* **RAW DATA**

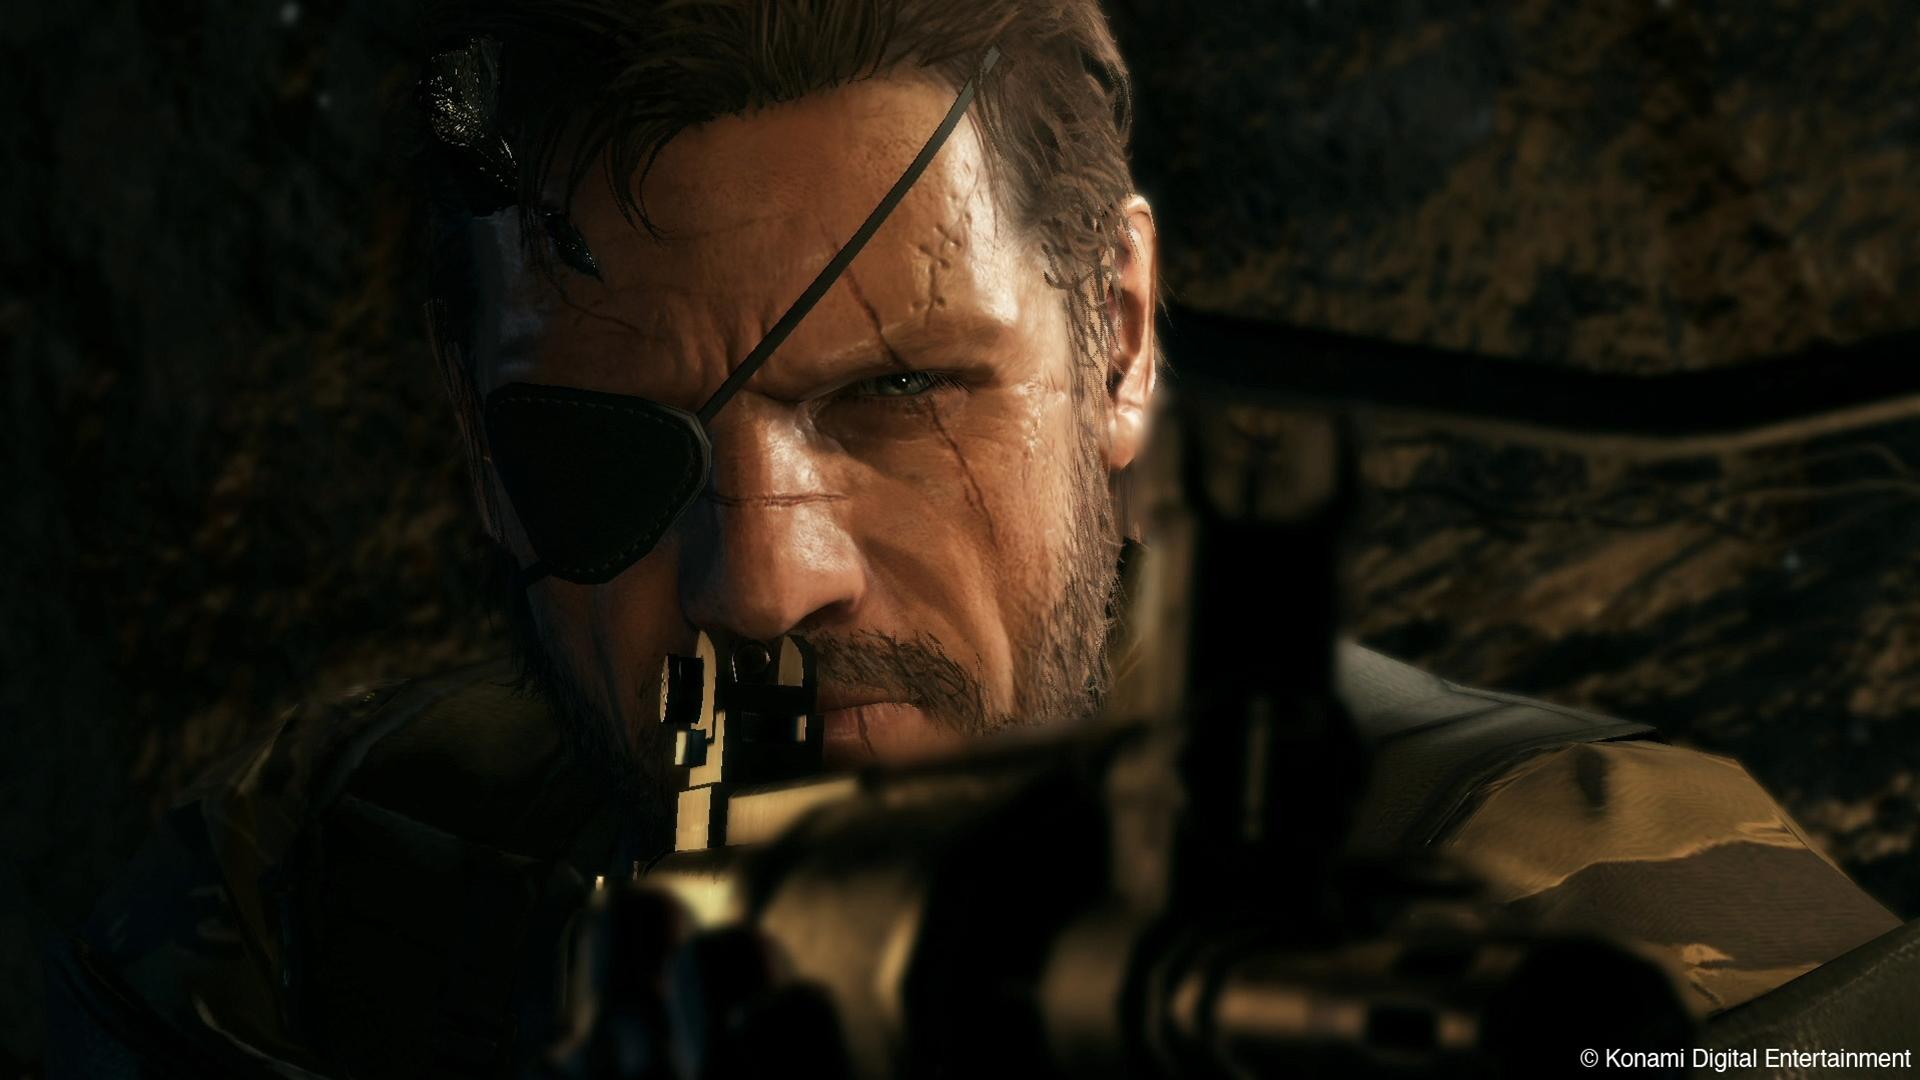 画像集 026 Metal Gear Solid V The Phantom Pain Mgs5 Ps4 4gamer
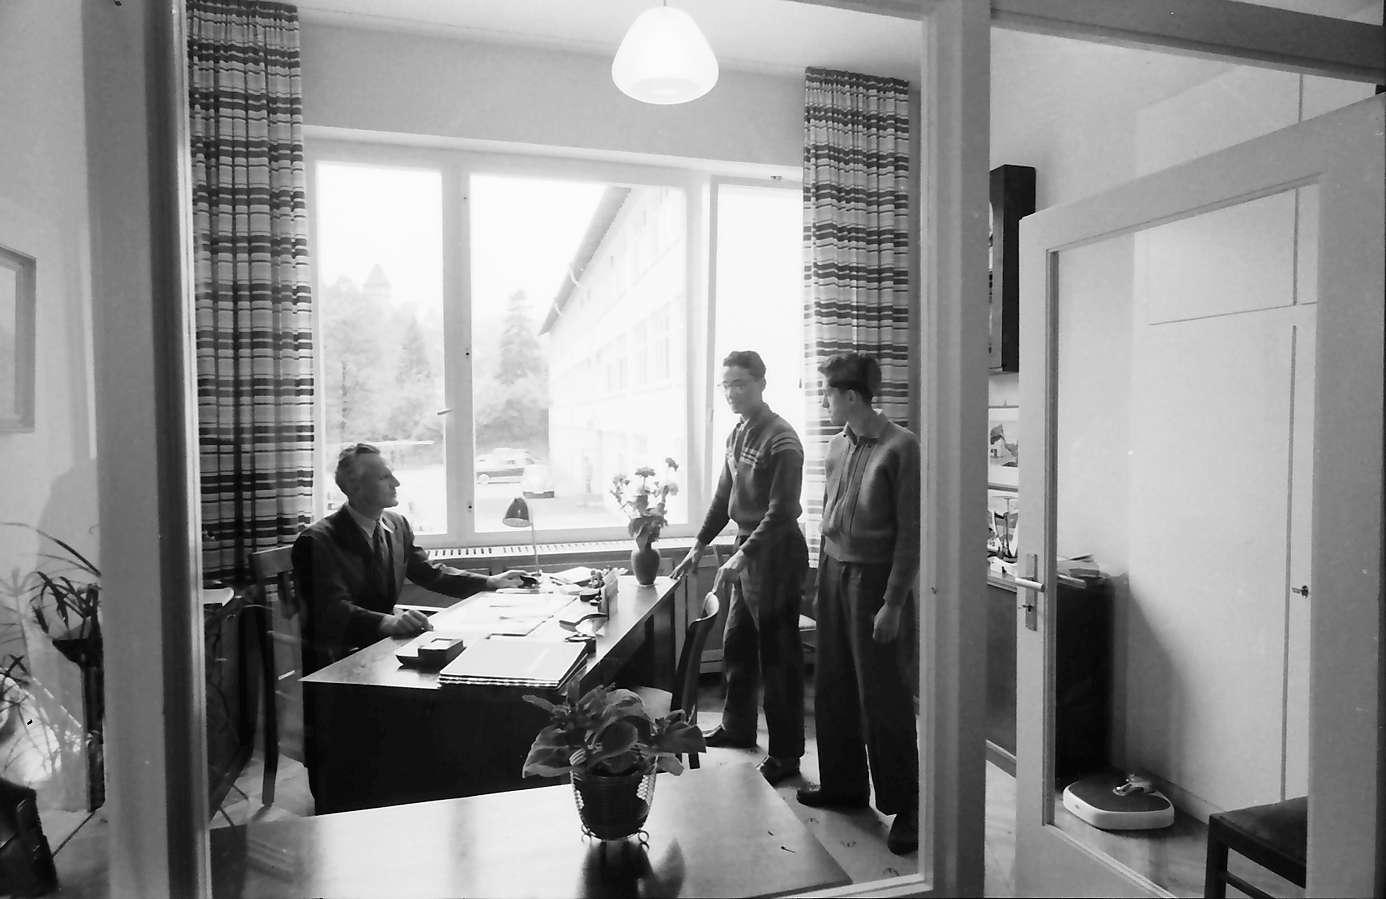 Gernsbach: 1. Papiermacherschule in der Gewerbeschule; Internat für Papiermacher Anlernlinge, Anmeldung, Bild 1
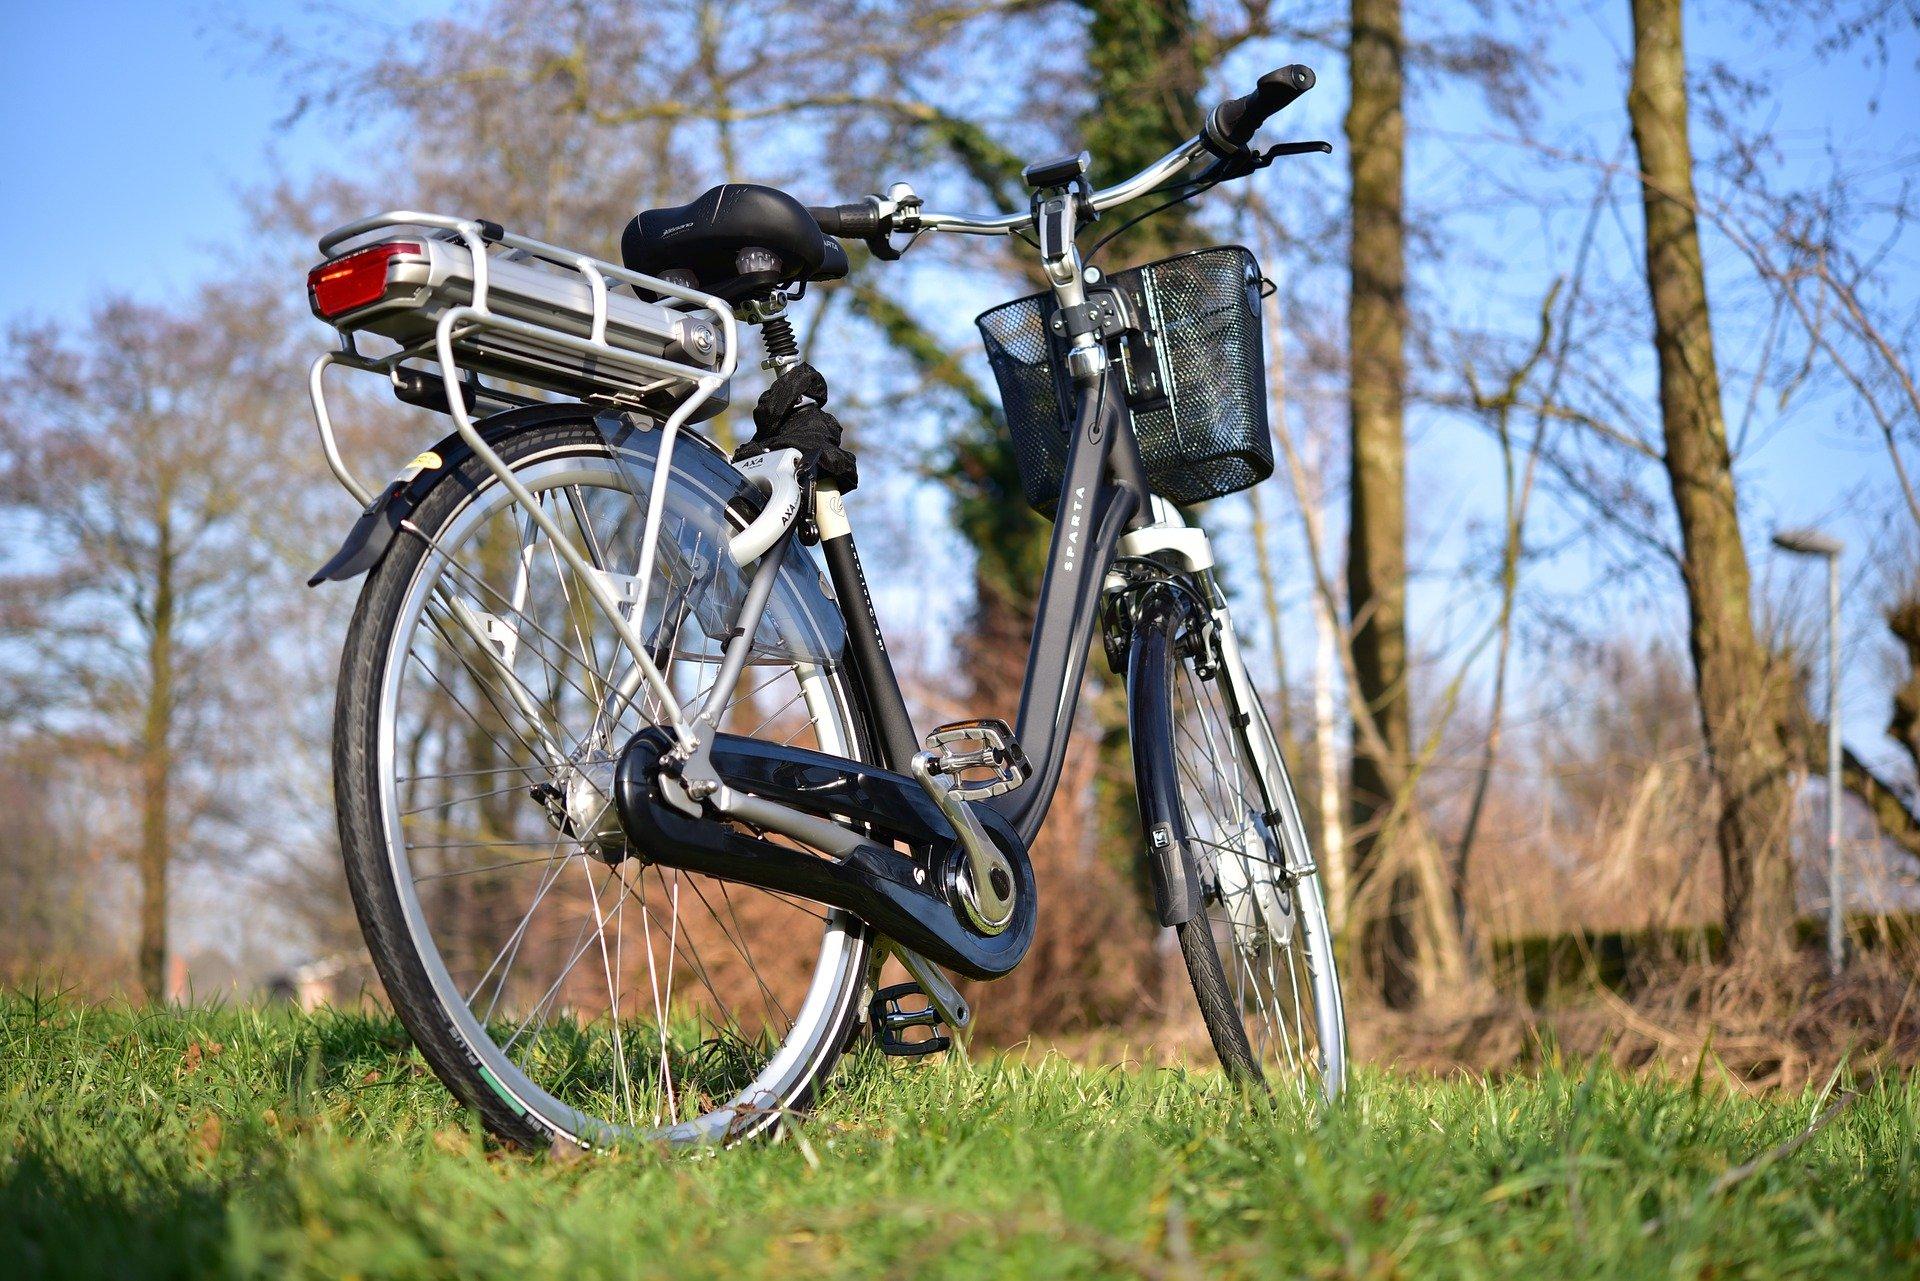 Is mijn fietsaccu aan vervanging toe?
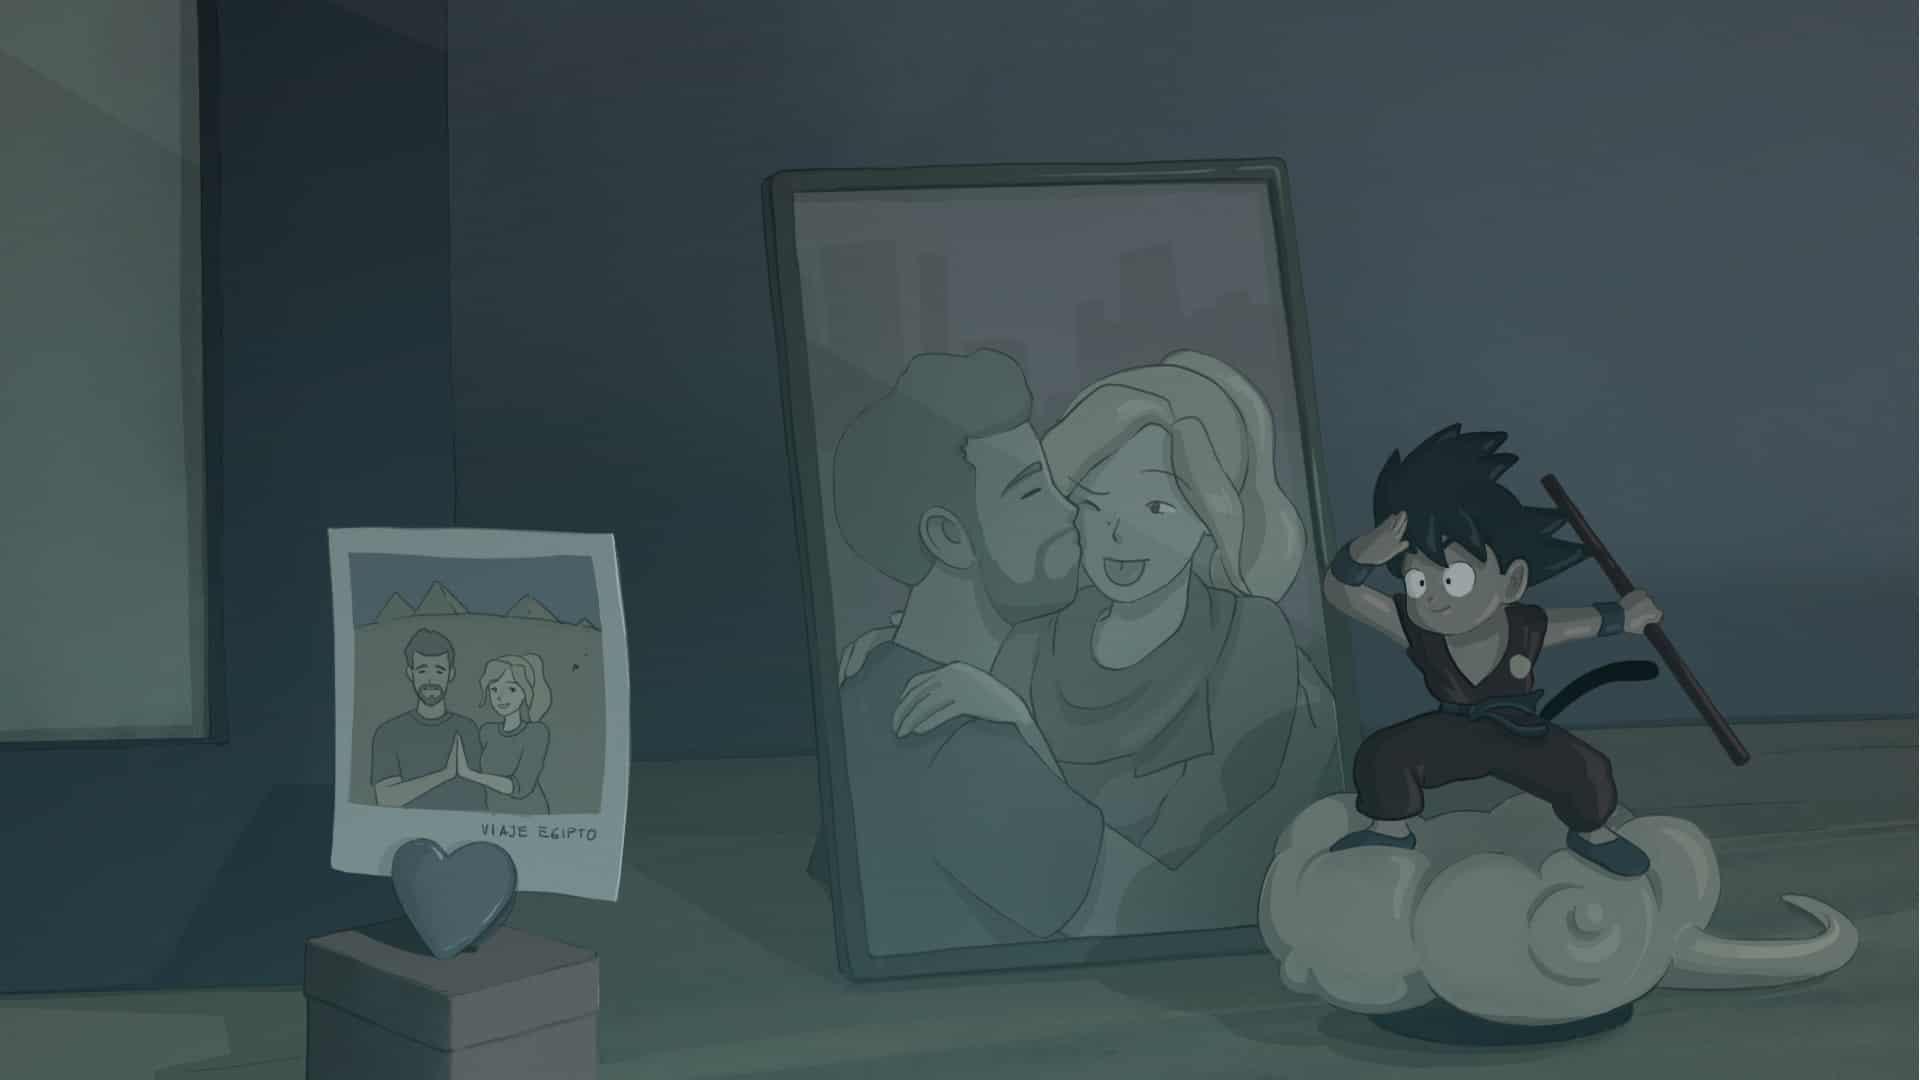 Background para cortometraje de animación 2d

* **DIRECTIONS**
Retype the whole listing above exactly as written. Skip the pictures.

* **SOLUTION FOR THIS TASK**
 画像集 026 Metal Gear Solid V The Phantom Pain Mgs5 Ps4 4gamer
 Gernsbach: 1. Papiermacherschule in der Gewerbeschule; Internat für Papiermacher Anlernlinge, Anmeldung, Bild 1
 Is mijn fietsaccu aan vervanging toe?
 Background para cortometraje de animación 2d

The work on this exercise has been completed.